Let's Talk about Health in Africa
Insights and analysis from leaders shaping public health in Africa to help you make sense of the issues.
Author: Lenias Hwenda
UN City, Copenhagen: There is widespread hope that the HIV/AIDS epidemic ceases to be a major global public health threat, but the gains made are in grave danger of being reversed as a result of growing resistance to HIV medicines. The world is increasingly facing an urgent public health crisis of growing resistance to HIV treatment. This crisis is greatest in the Africa region, where increased access HIV treatment has significantly reduced AIDS-related deaths.
In nine African countries surveyed in a recent survey carried out between 2011 and 2016 that included Cameroon, Eswatini, Malawi, Mozambique, Nigeria, South Africa, Togo, Uganda and Zimbabwe shows, one in two children newly diagnosed with HIV showed resistance to the most commonly used ARV medicines before treatment initiation. The data showed changes to the structure of the virus in newly diagnosed infants, mutations that reduced the ability of particular treatment combinations to prevent the replication of the virus rendering it resistant to specific treatment.
The most troubling trend is that people with no history of HIV treatment and therefore exposure to medications or those re-initiating first line treatment are showing pre-treatment drug resistance. The levels of resistance can be quite high with countries like Cameroon, Eswatini, Namibia and Uganda reporting pre-treatment resistance levels to the commonly used first-line HIV treatment exceeding 10%. This means there are no treatment options entire cohort of patients within populations who will require more costly second line treatments to achieve viral suppression and minimize transmission.
Children and adolescents on treatment are at higher risk of resistance emergence. This presents a huge challenge in a global context in which we have very limited availability of pediatric formulations and limited treatment options for children in the first place. Losing the few available treatments available for children due to due viral resistance, diminishes our ability to treat children even further.
Optimizing treatment regimes in order to prevent drug resistance is a critical public health intervention, especially in the Africa region, which is home to 66% of all new infections and 70% of the world’s people living with HIV. The WHO has updated its treatment guidelines in 2019 recommending that countries transition to integrase-based inhibitor with a high genetic barrier to resistance such as Dolutegravir (DTG). Integrase inhibitors are expected to have lower HIV drug resistance, in fact lower than current first line treatments, even if there is still a risk that drug resistance may develop. DTG is taken in a single dose daily, is well tolerated, causes rapid viral load suppression. It demonstrates a high genetic barrier to resistance, has few drug interactions, is available in fixed dose generic formulation and its price is comparable to efavirenz (EFV) containing regimens in low- and middle-income countries (LMICs). DTG has demonstrated superior outcomes in the majority of critical outcomes supported by high quality evidence than efavirenz (EFV).
DTG is now the preferred option in first line treatment due to its improved efficacy and durability. EFV400 is an alternative 1st line option as it shows improved tolerability and less treatment discontinuation when compared with EFV600. It is comparable in terms of critical efficacy outcomes, but it better tolerated and is less frequently discontinued due adverse effects compared with EFV600 containing regimens. The is moderate to high quality of evidence supporting this. It can be safely used in TB and fixed-dose generic formulations are available.
With all current antiretroviral drugs, including newer classes facing the risk of becoming partially or fully inactive, countries need to closely monitor, prevent and respond to drug resistance. Countries need to develop national HIV drug resistance strategic plans that are fully integrated into routine monitoring and evaluation activities. National strategic plans will need to ensure effective demand forecasting and timely procurement in order to prevent frequent stock outs of ARVs which contributes to viral drug resistance. Similarly, poor retention lead to treatment interruption which fuels resistance and undermine treatment.
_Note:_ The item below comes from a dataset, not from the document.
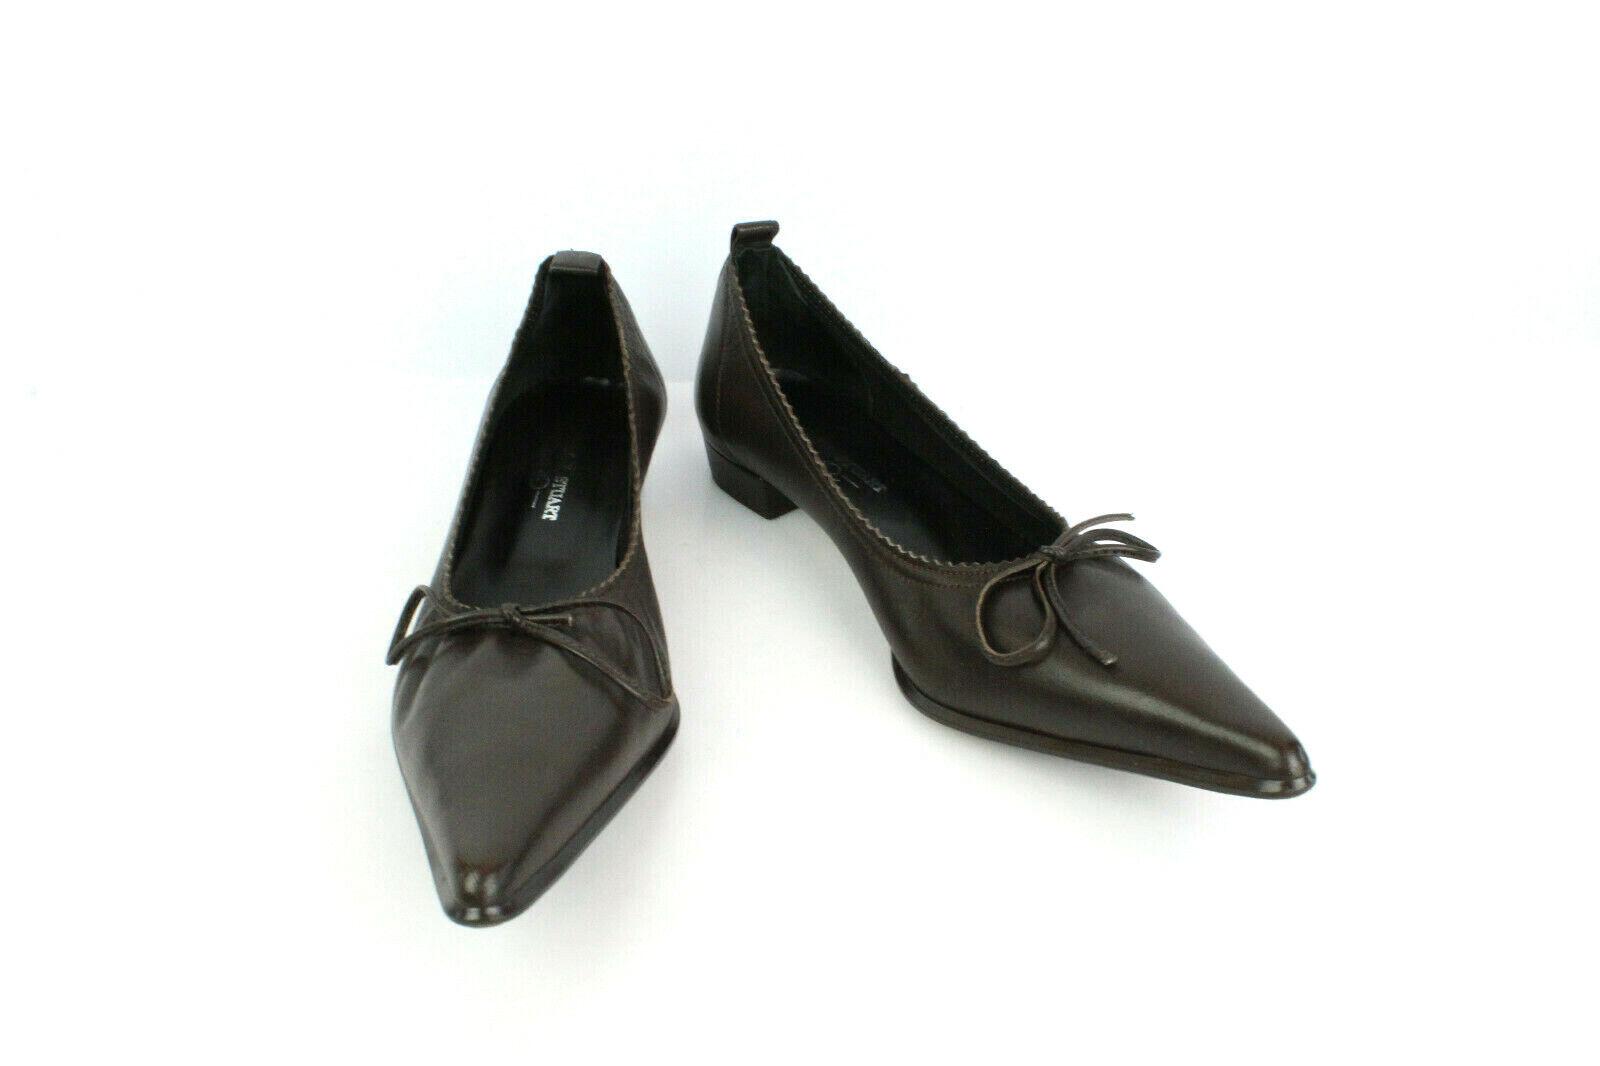 Court shoes ELIZABETH STUART Brown Leather T 36   UK 3.5 VERY GOOD CONDITION

The new treatment guidelines recommends the use of TAF only in special situations in adults with renal impairment/osteoporosis. It is also an alternative option in children. There are no demonstrated significant clinical advantage with the use of TAF over TDF in adults without renal or bone problems. Critical efficacy and toxicity outcomes are comparable and differences occur only in lab markers. Safety data in young children is limited. The biggest challenges going forward is ensuring that there is global supply security for the recommended treatment regimens, and global supply pipeline shows great promise in new products coming to market.